The 409 figure is already wrong. It is 2024 data. The 2025 numbers will be higher, and we will not see them until 2027.
This is the structural problem with synthetic opioid surveillance in the United States: the forensic laboratory system that counts nitazene deaths in the CDC’s drug overdose database runs on a lag of 12 to 18 months. Nitazenes are added to the drug supply, kill people, and get reported to SUDORS (the State Unintentional Drug Overdose Reporting System) months after those deaths occur. By the time the count of 409 deaths for 2024 was published, the 2025 supply had already evolved.
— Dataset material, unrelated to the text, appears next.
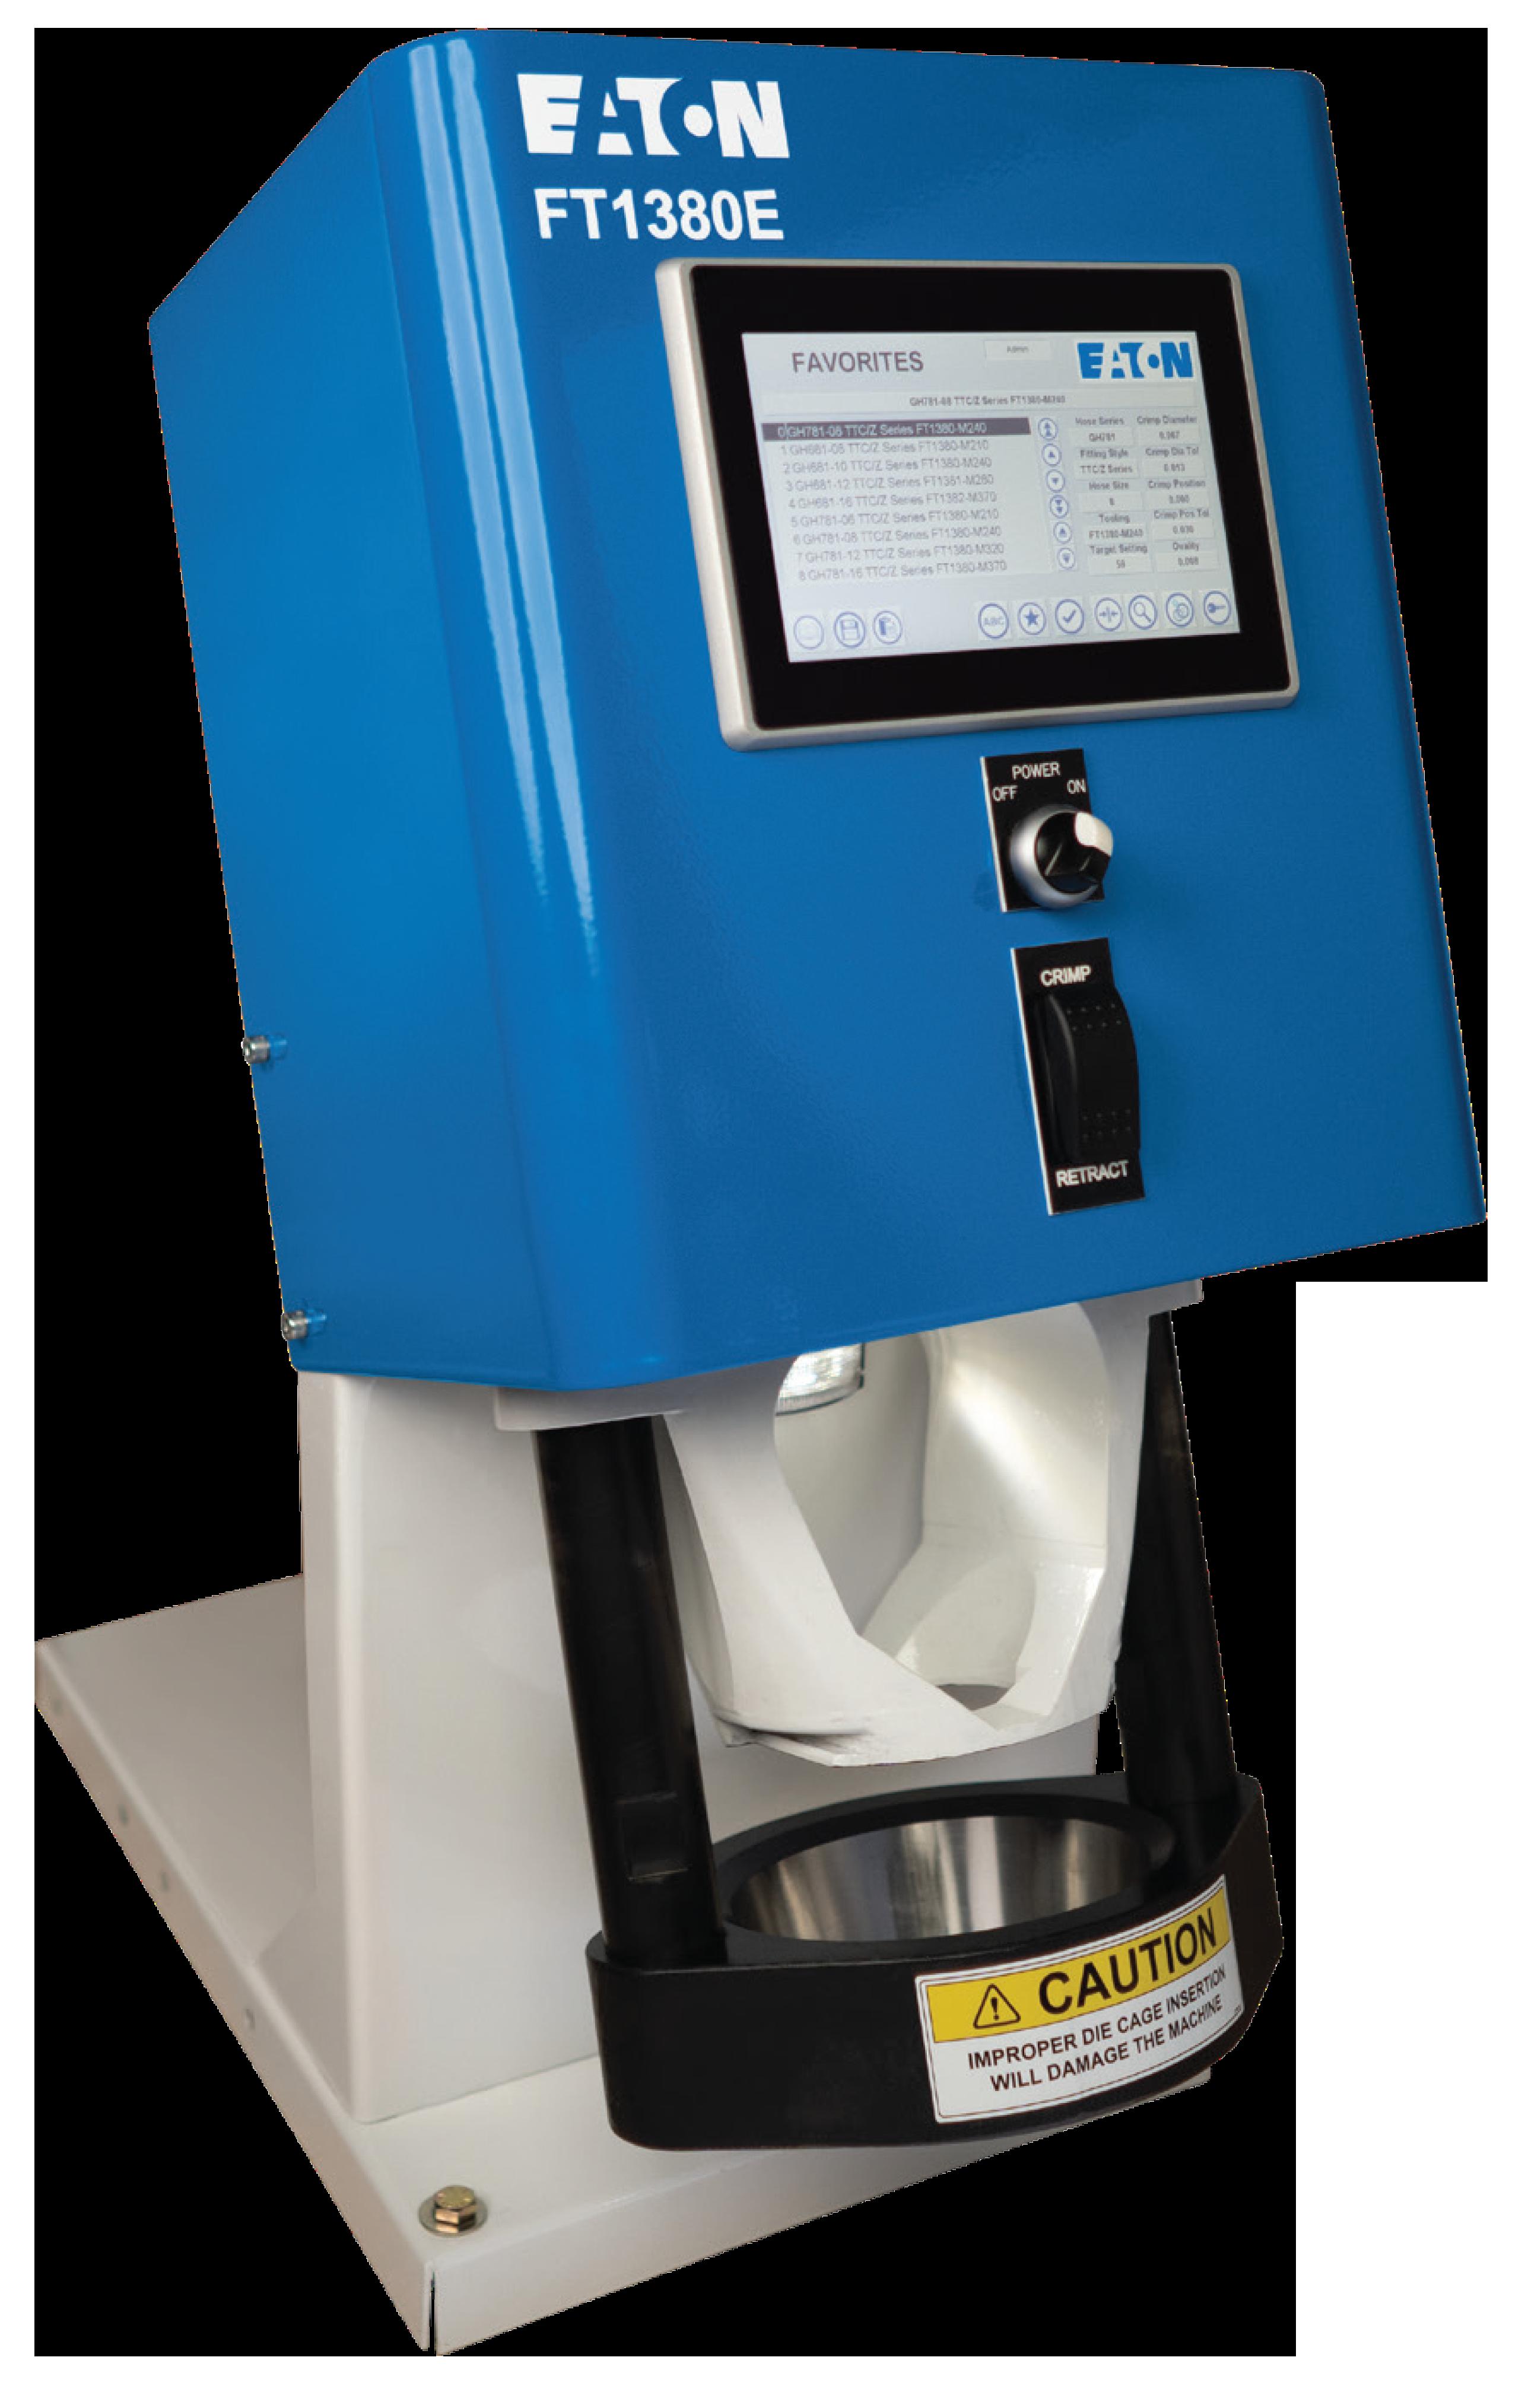 Eaton FT1380e electronic crimp machine
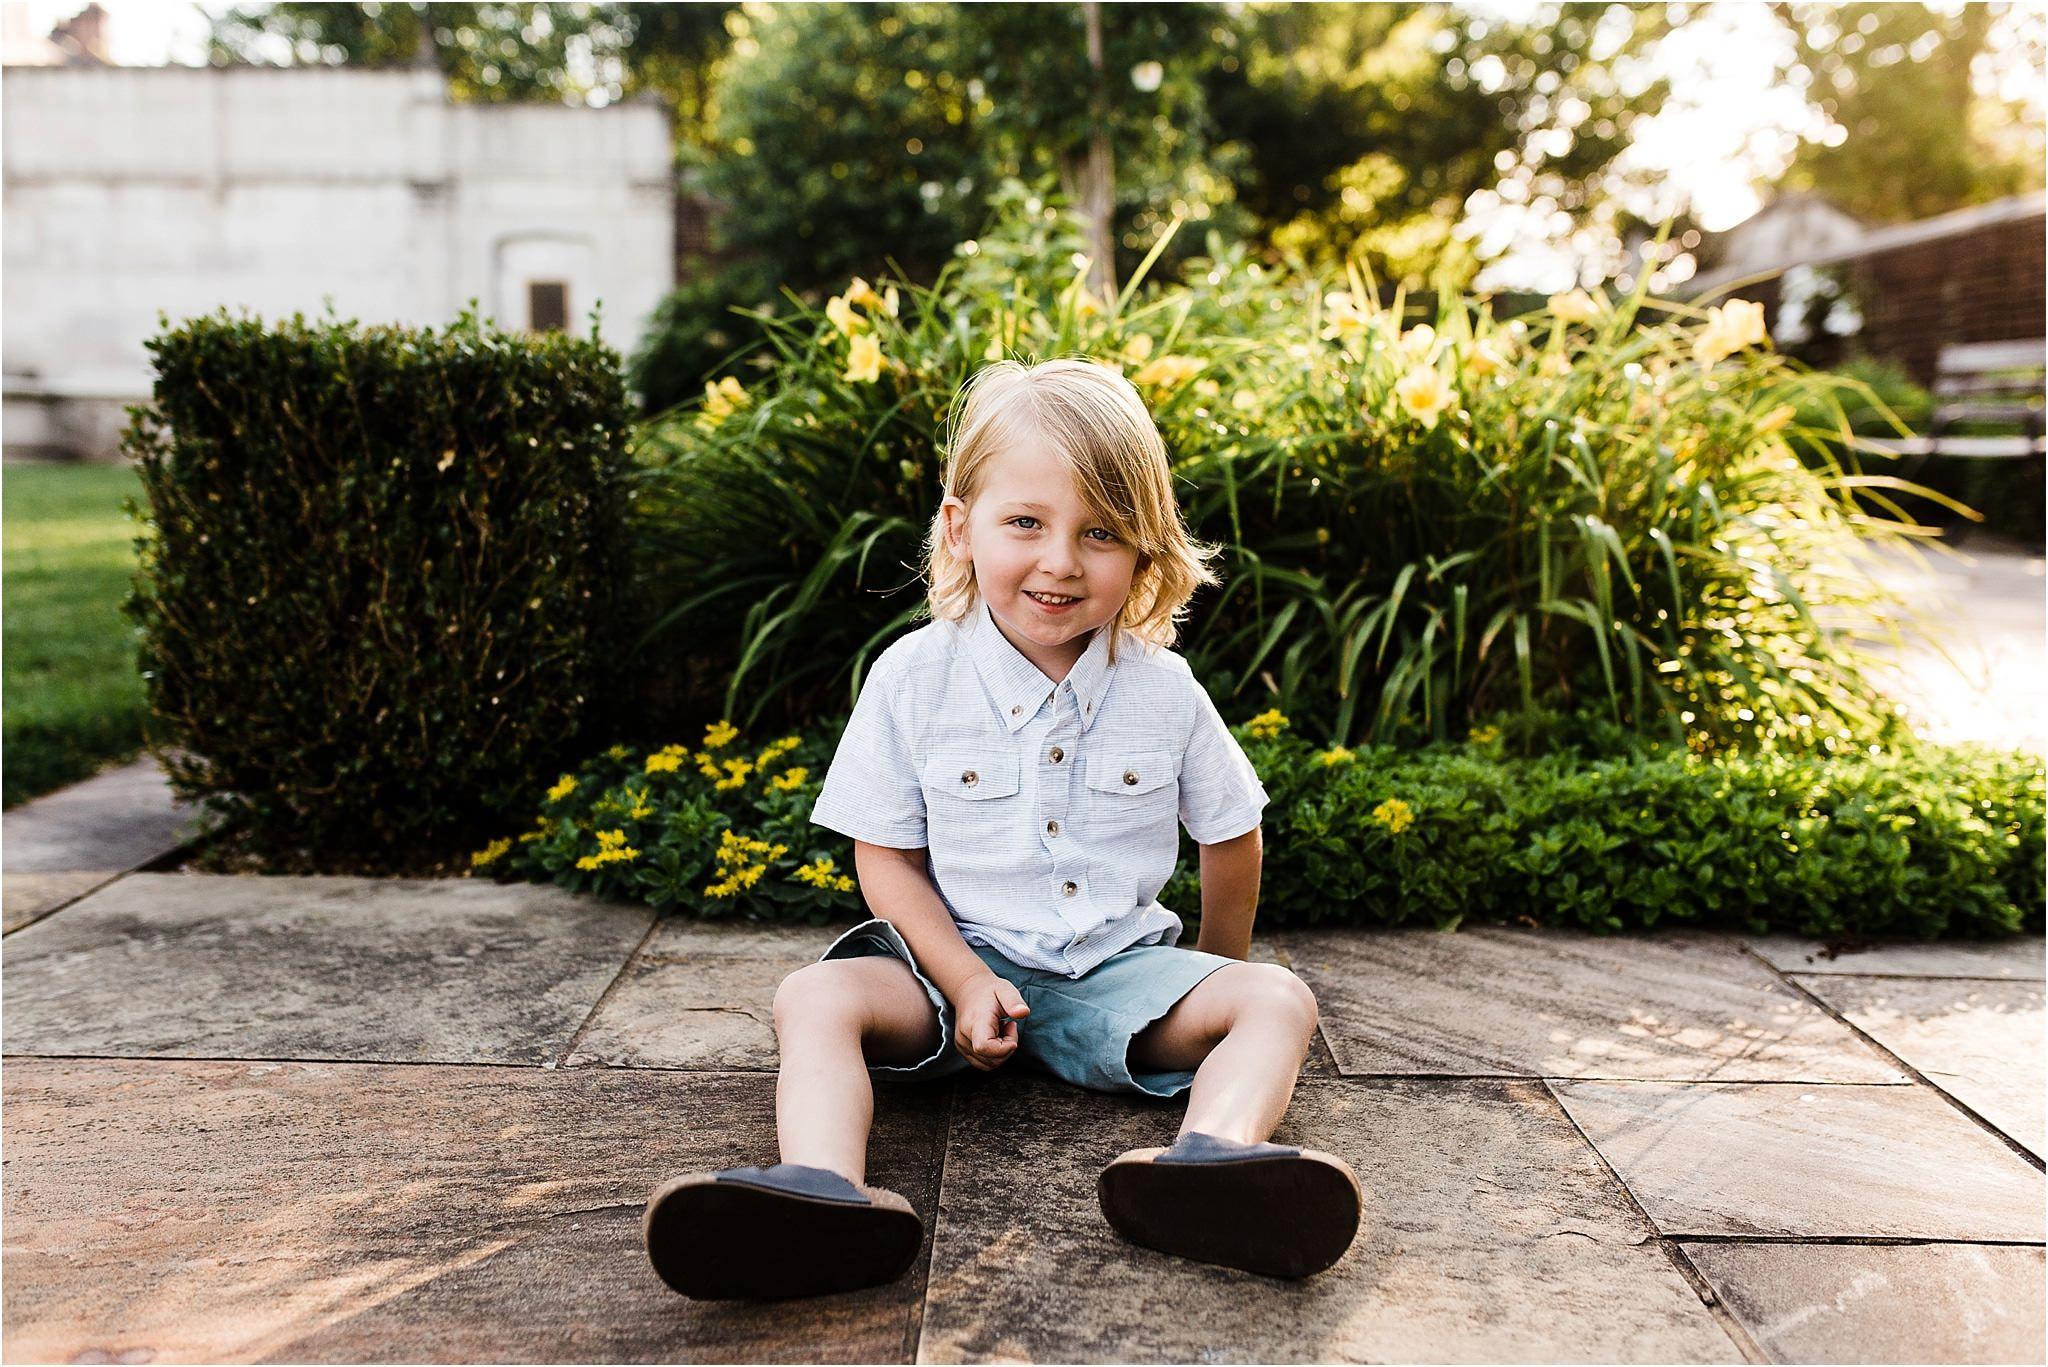 Child photo at Mellon Park

The DEA has now permanently scheduled multiple nitazene compounds under Schedule I, and new compounds receive initial production quotas of 30 grams each — the minimum necessary to conduct research and forensic analysis. This scheduling action is necessary but not sufficient. Scheduling tells manufacturers what they cannot make. It does not remove the 26 already-circulating compounds from the supply. It does not give emergency rooms better overdose protocols. It does not tell the person using an opioid product that what they have may be a nitazene that is more potent than the fentanyl they were expecting.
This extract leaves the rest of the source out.